**Data block:**
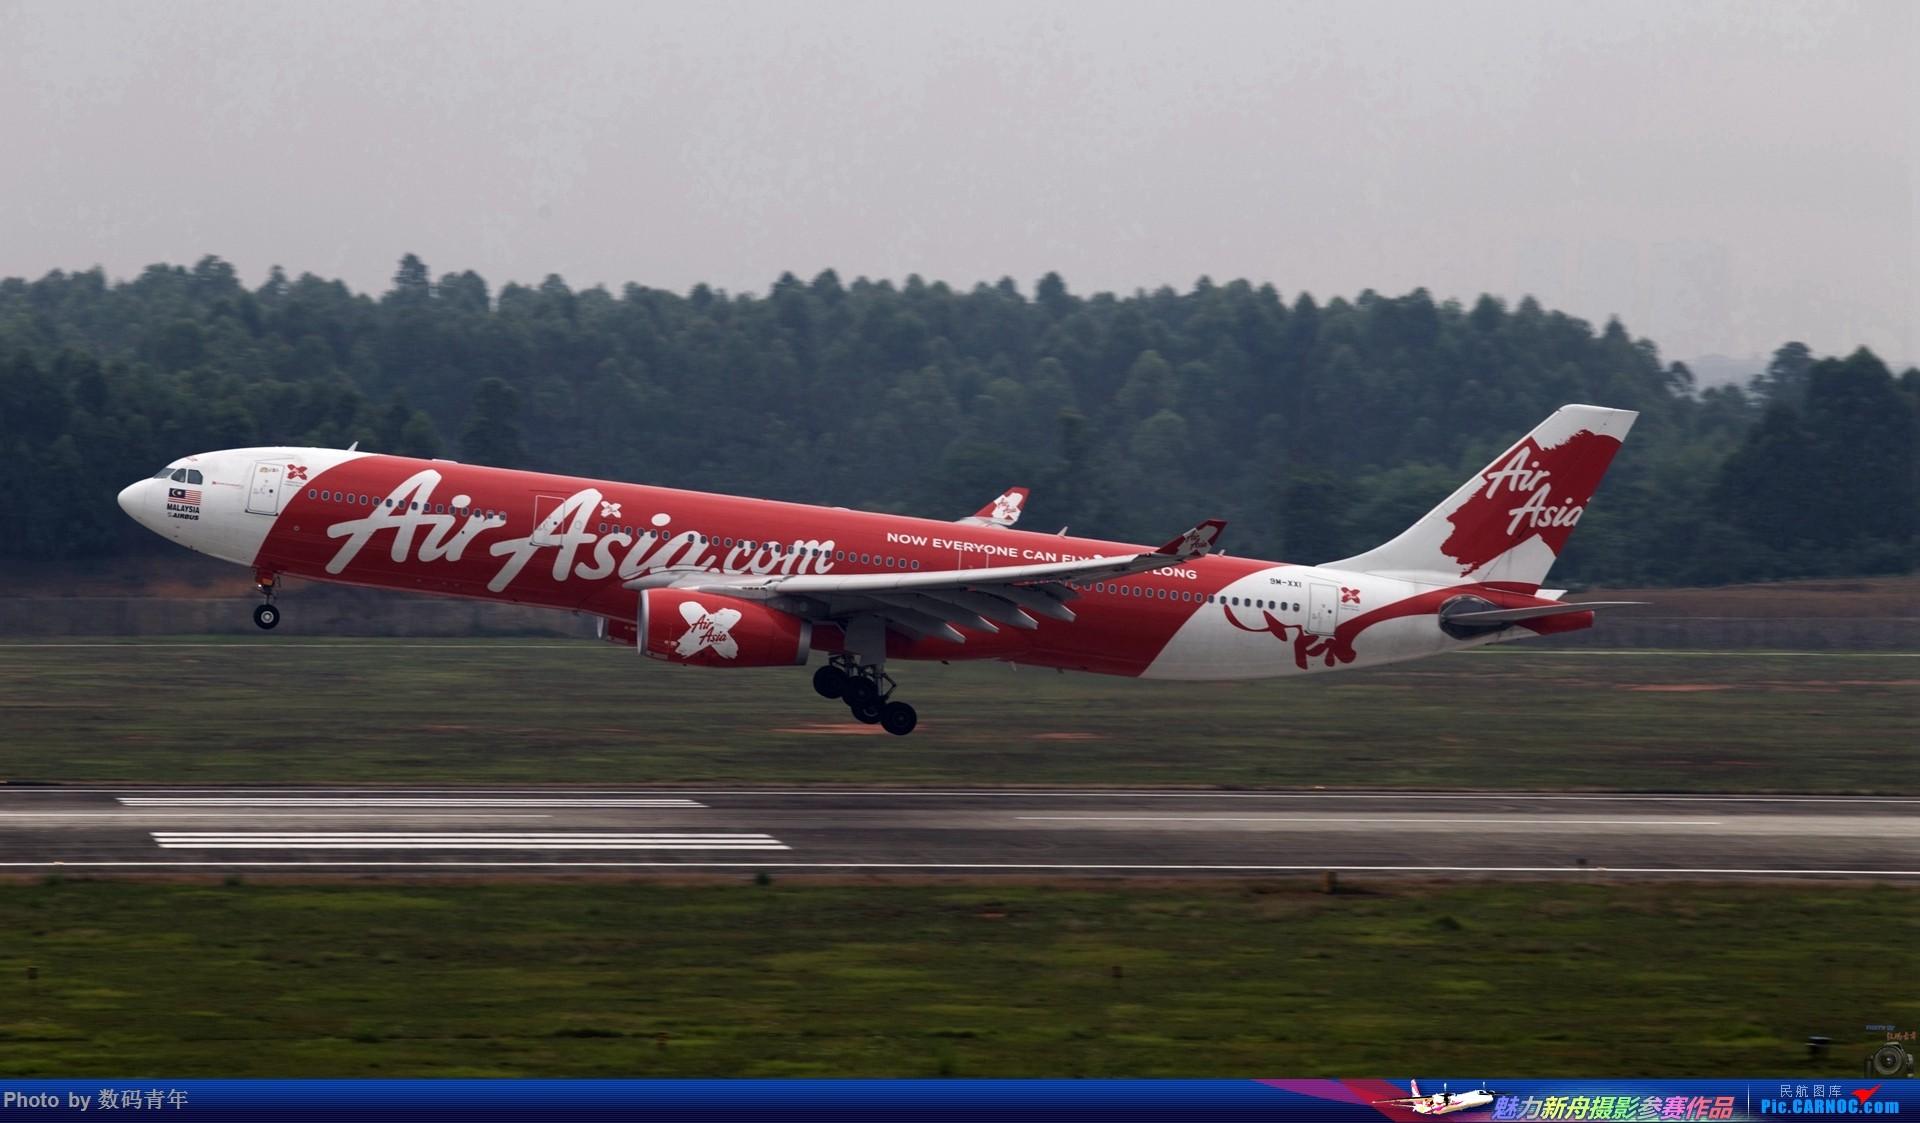 Re:[原创]重出江湖【CTU】2015.5.17打飞机 AIRBUS A330-300 9M-XXI 中国成都双流国际机场
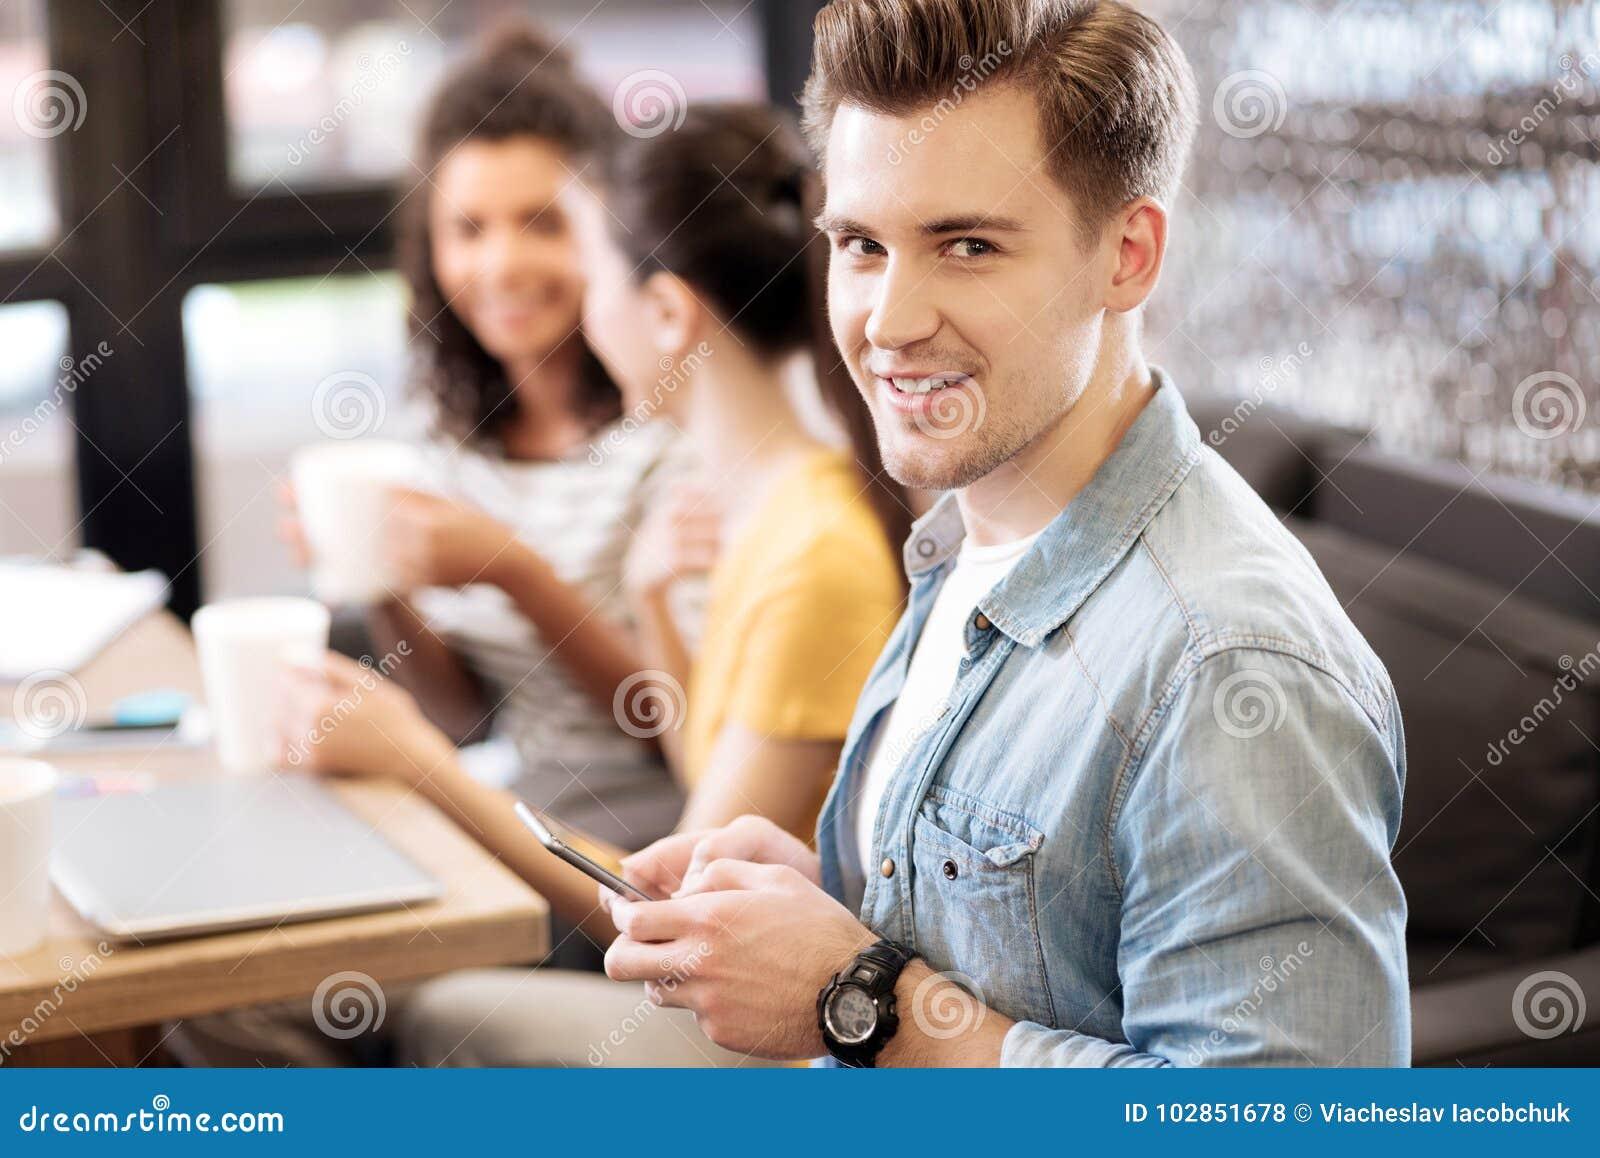 Lächelnder junger Mann, der sein Telefon verwendet
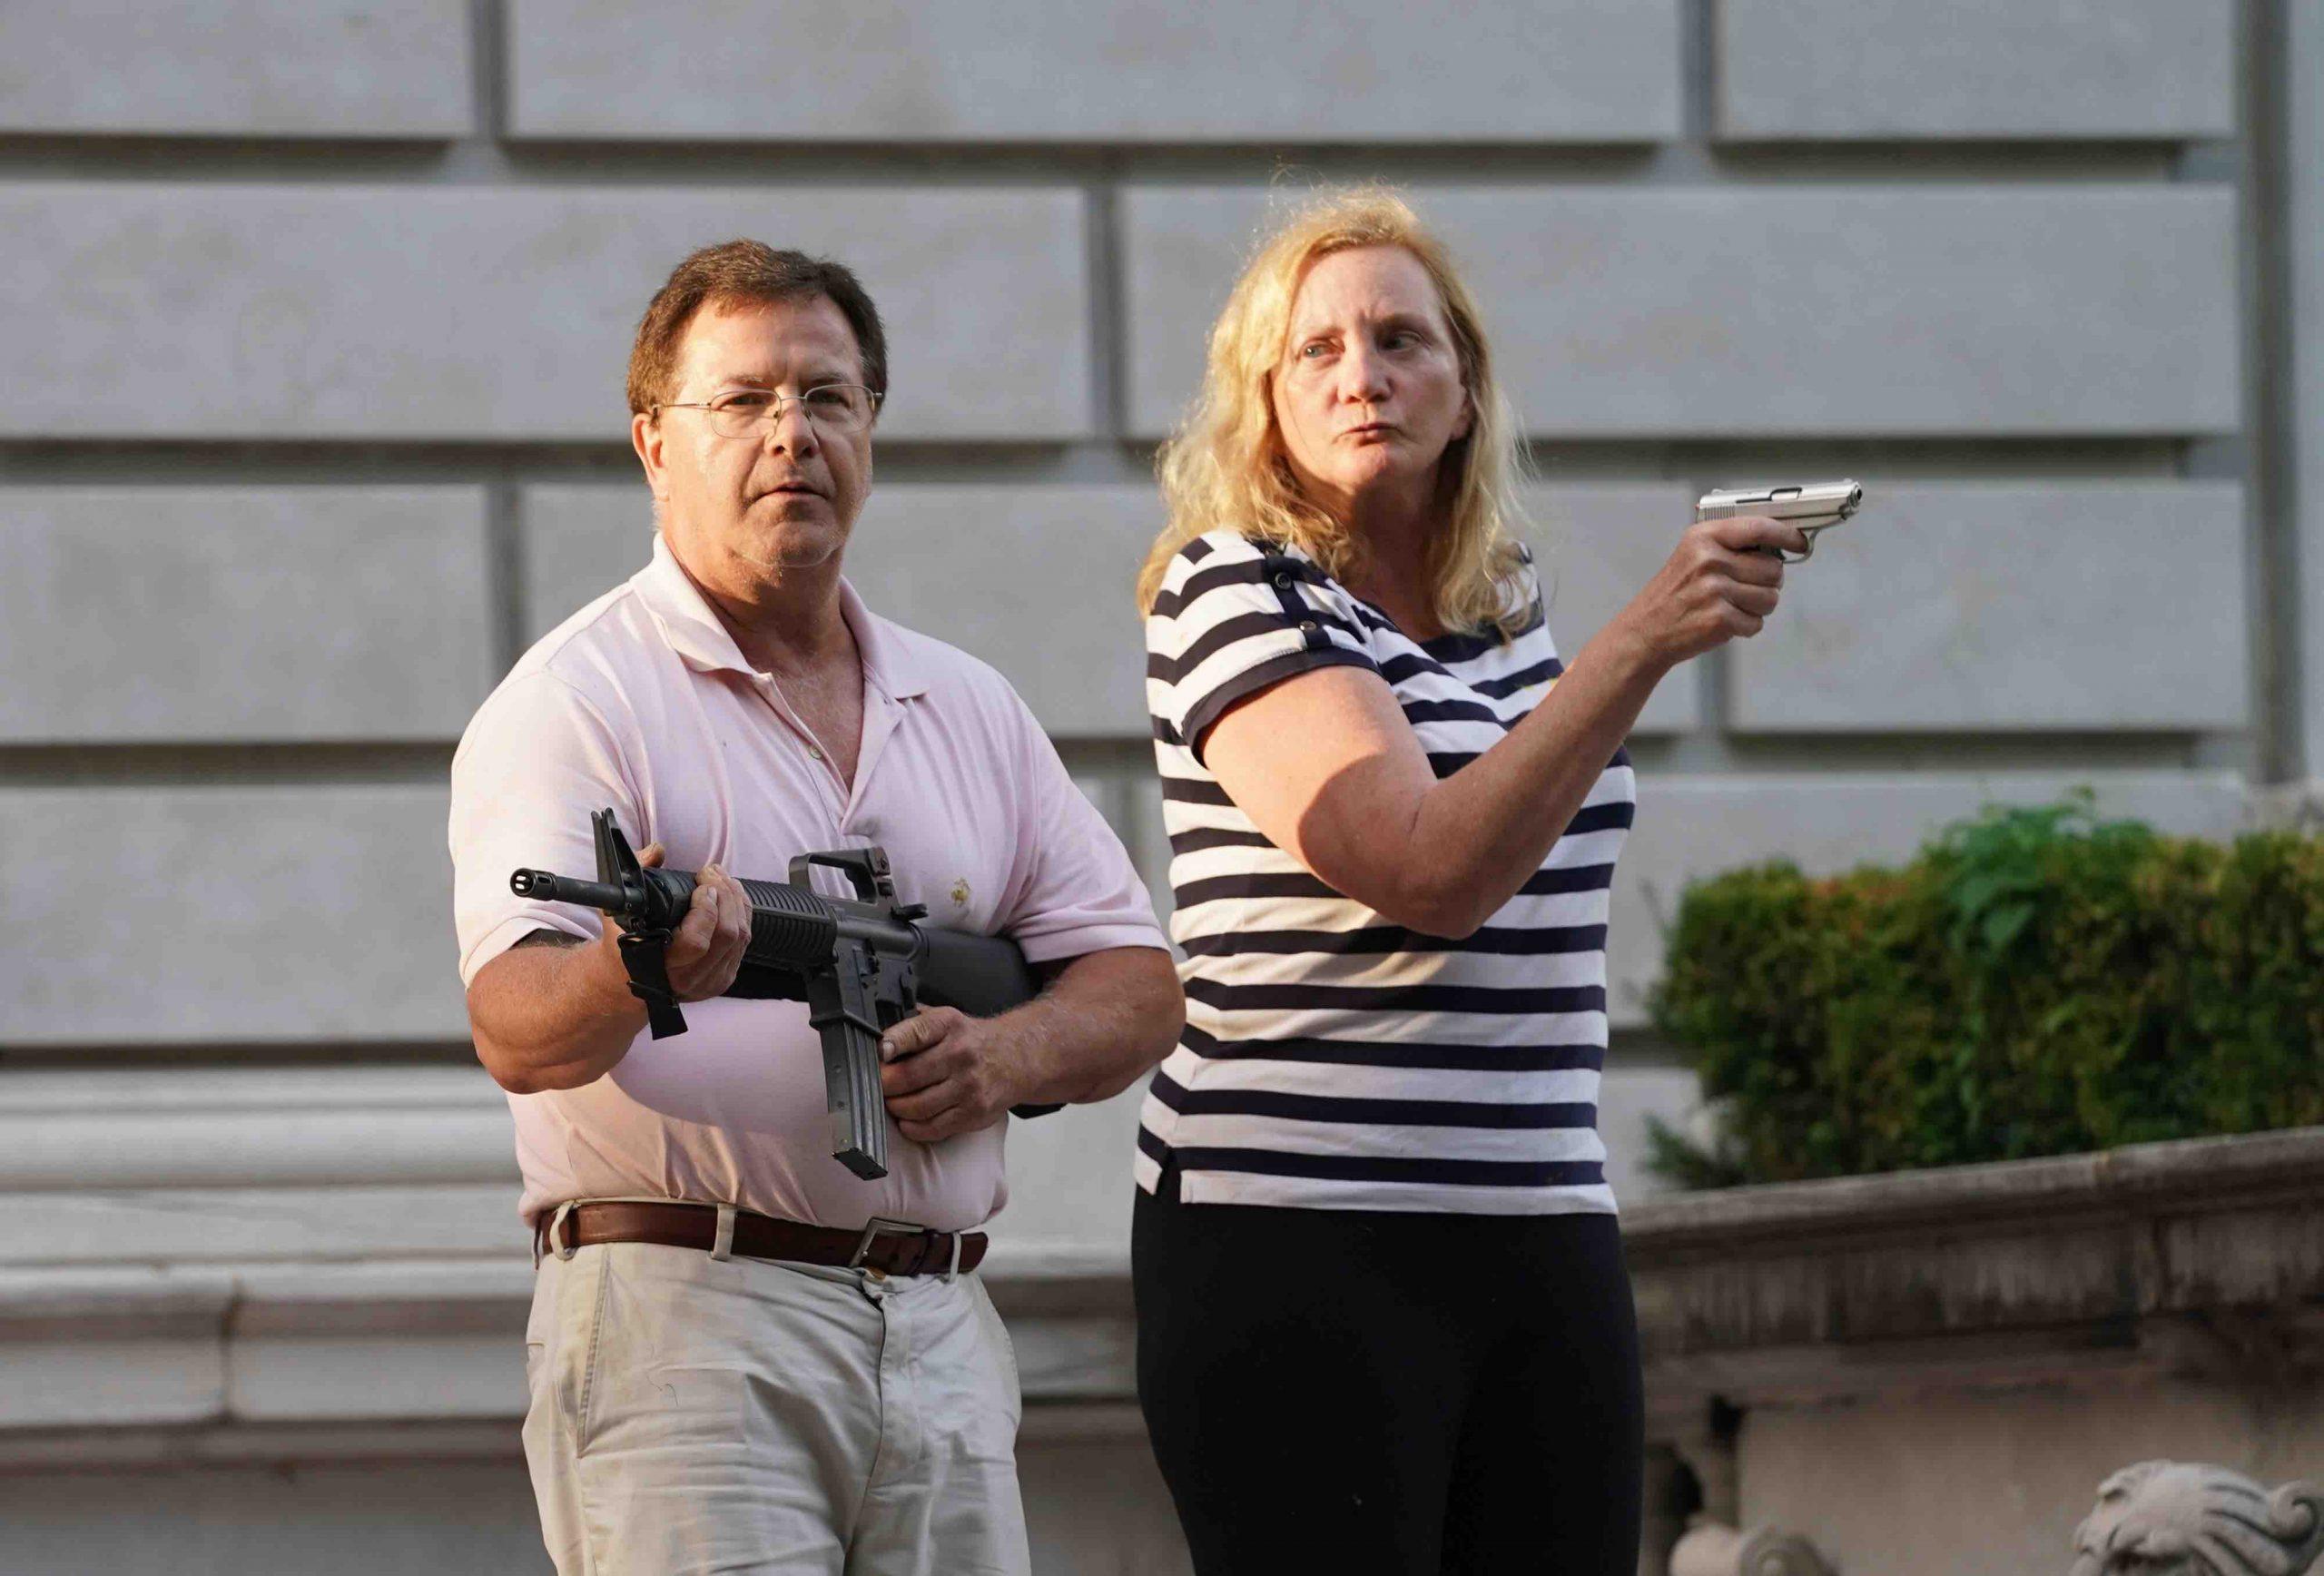 бонни и клайд из сент-луиса белая пара с оружием осуждены

**Your objective:** The whole listing is to be written out exactly; the pictures stay out of the copy.

**Result of this task:**
 Re:[原创]重出江湖【CTU】2015.5.17打飞机 AIRBUS A330-300 9M-XXI 中国成都双流国际机场
 Lächelnder junger Mann, der sein Telefon verwendet
 бонни и клайд из сент-луиса белая пара с оружием осуждены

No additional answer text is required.